At the yearly meeting of Chipotle Mexican Grill’s shareholders earlier this month, only 51% of voting shares gave a thumb’s up to its executives’ pay packages, in comparison to 95% a year earlier. Across the S&P 500, these”Say-on-pay” votes routinely get more than 90% approval.

Chipotle’s board excluded three weeks of sales results in the worst of the pandemic, together with several other things, while calculating cover for its CEO, Brian Niccol. He enabled him to secure bigger compensation than he’d have otherwise.

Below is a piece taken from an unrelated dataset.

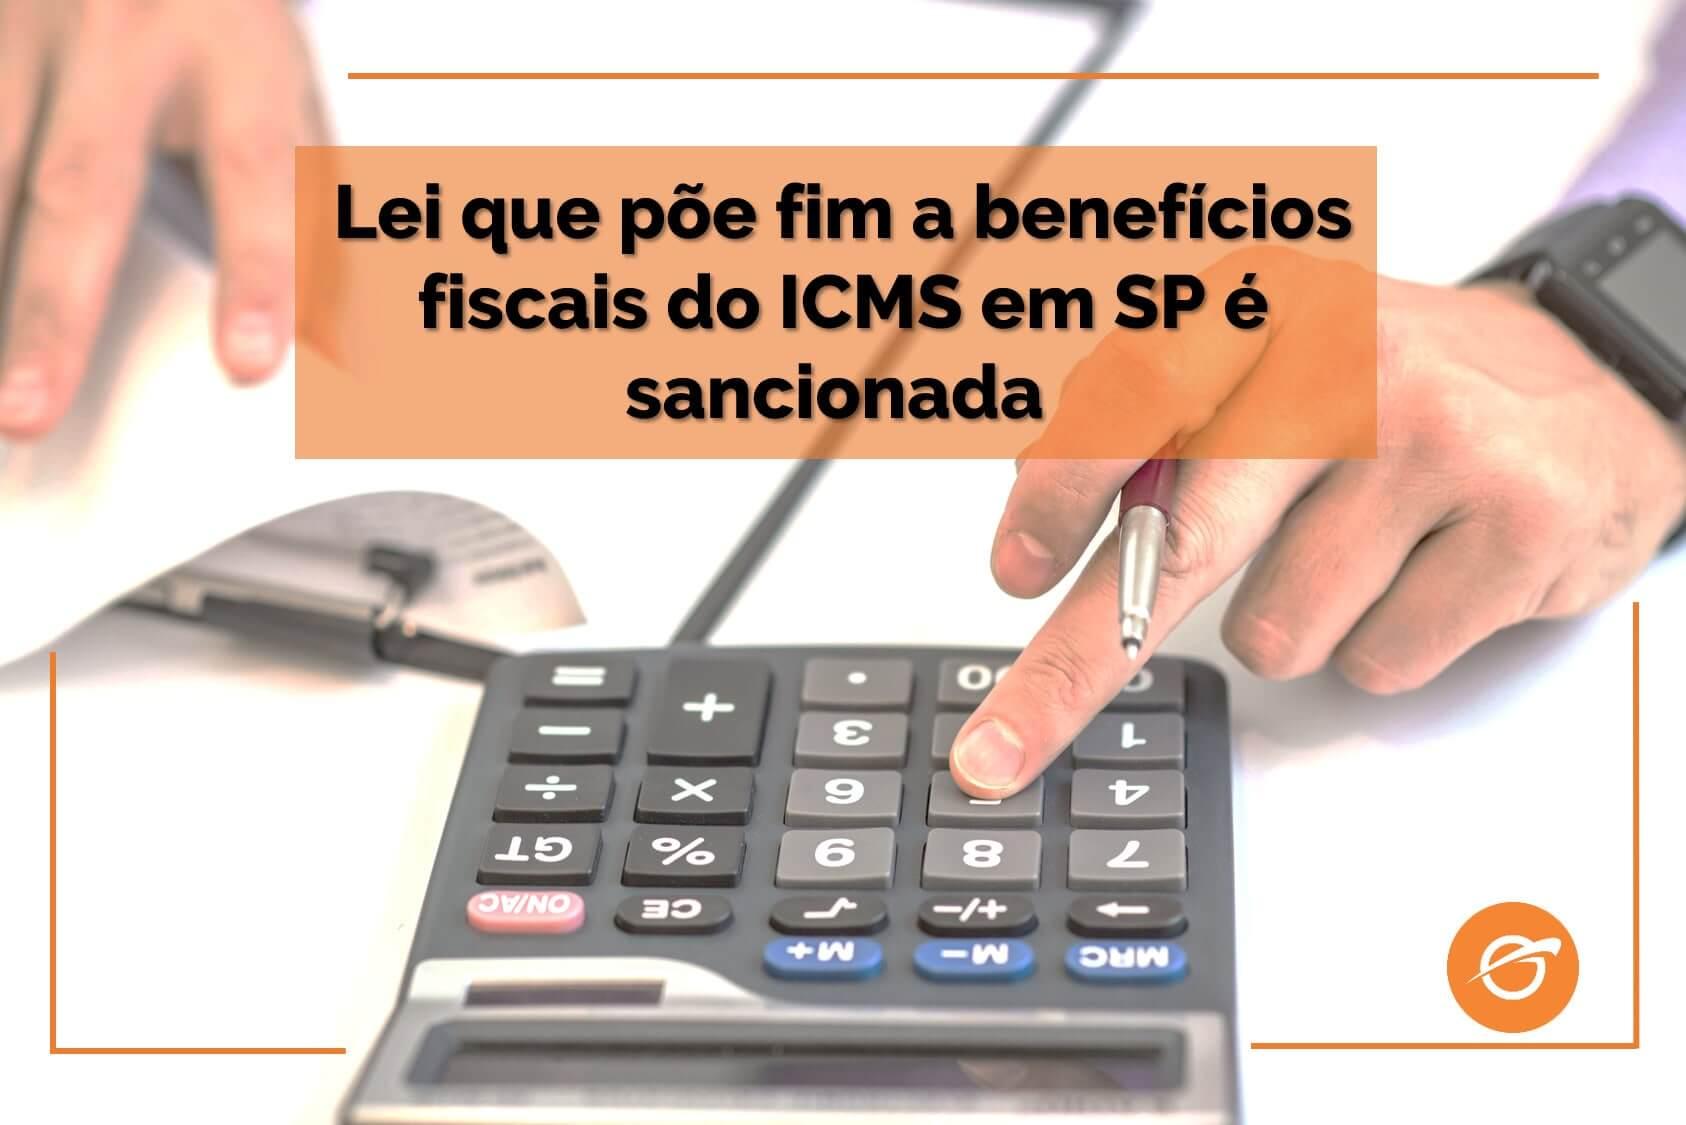 Lei-que-põe-fim-a-benefícios-fiscais-do-ICMS-em-SP-é-sancionada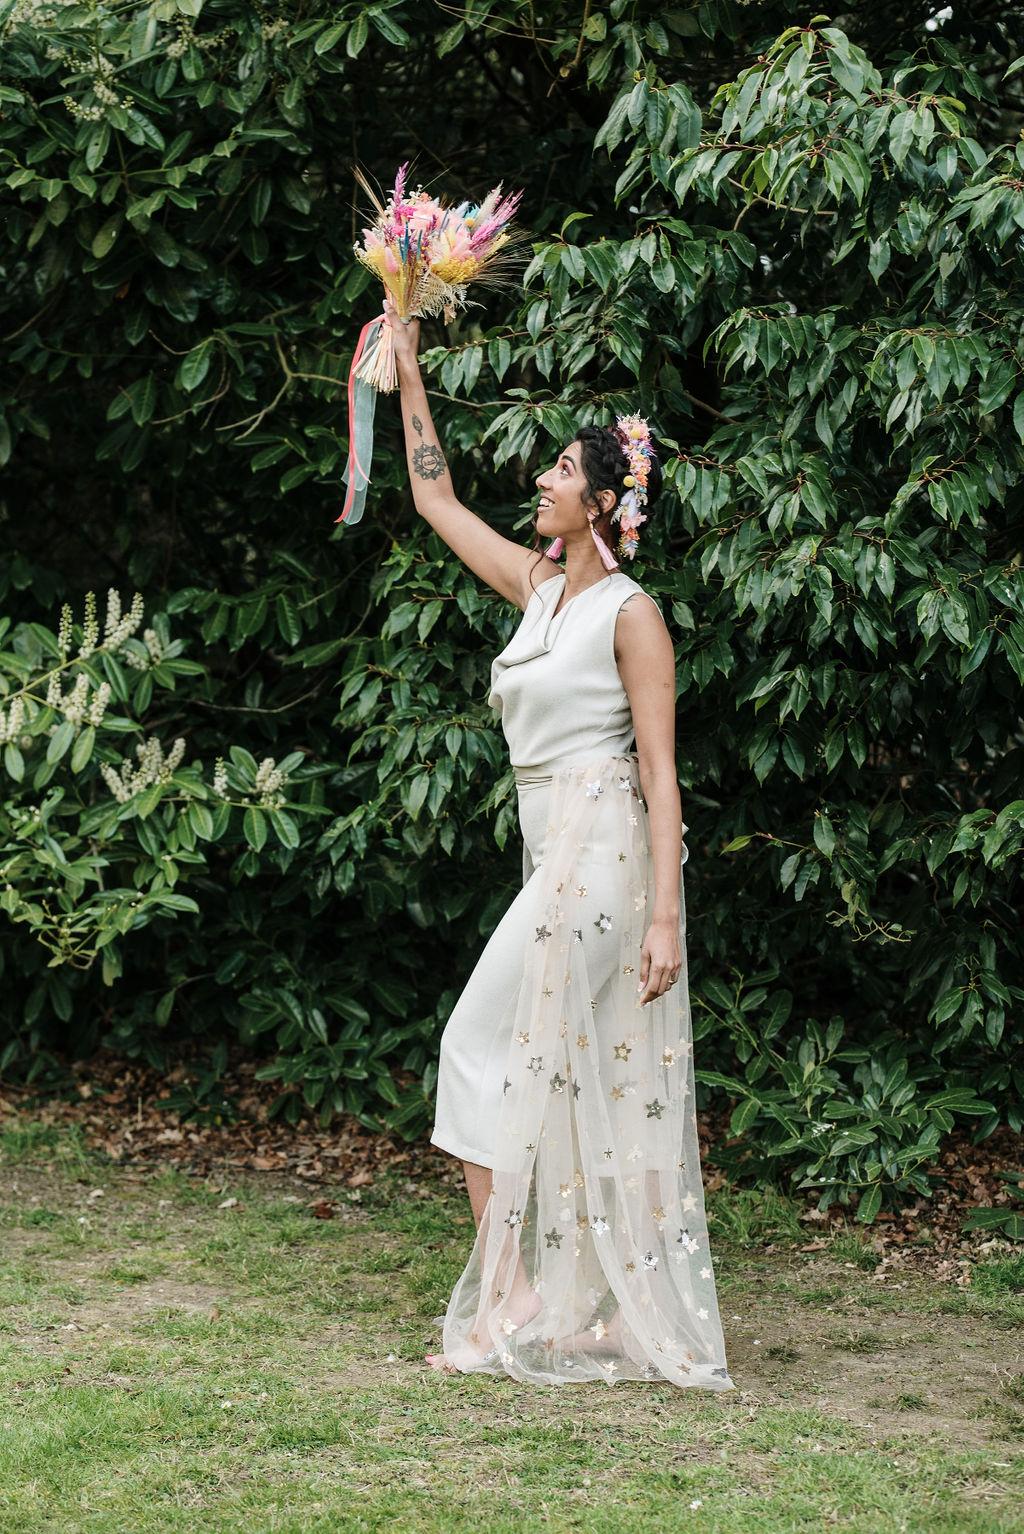 unique bridal wear - bridal jumpsuit - celestial wedding train - festival bride

Chipotle called the move a one-time alteration that is not reflective of Niccol’s continuing pay package. Chipotle was one of the relative winners of this pandemic, with earnings rising 7.1% and its stock soaring 65.7%.

Between 2017 and 2019, stocks of companies that neglected their votes lagged aggressively behind the S&P 500 in the subsequent 12 months, according to Morgan Stanley.

The trend didn’t hold last year, when the pandemic may have unsettled everything, but Morgan Stanley strategists say that they see failed”Say-on-pay” votes as a red flag that a stock could struggle.

And if there’s anything that investors on Wall Street care about, it’s how well they’re getting compensated.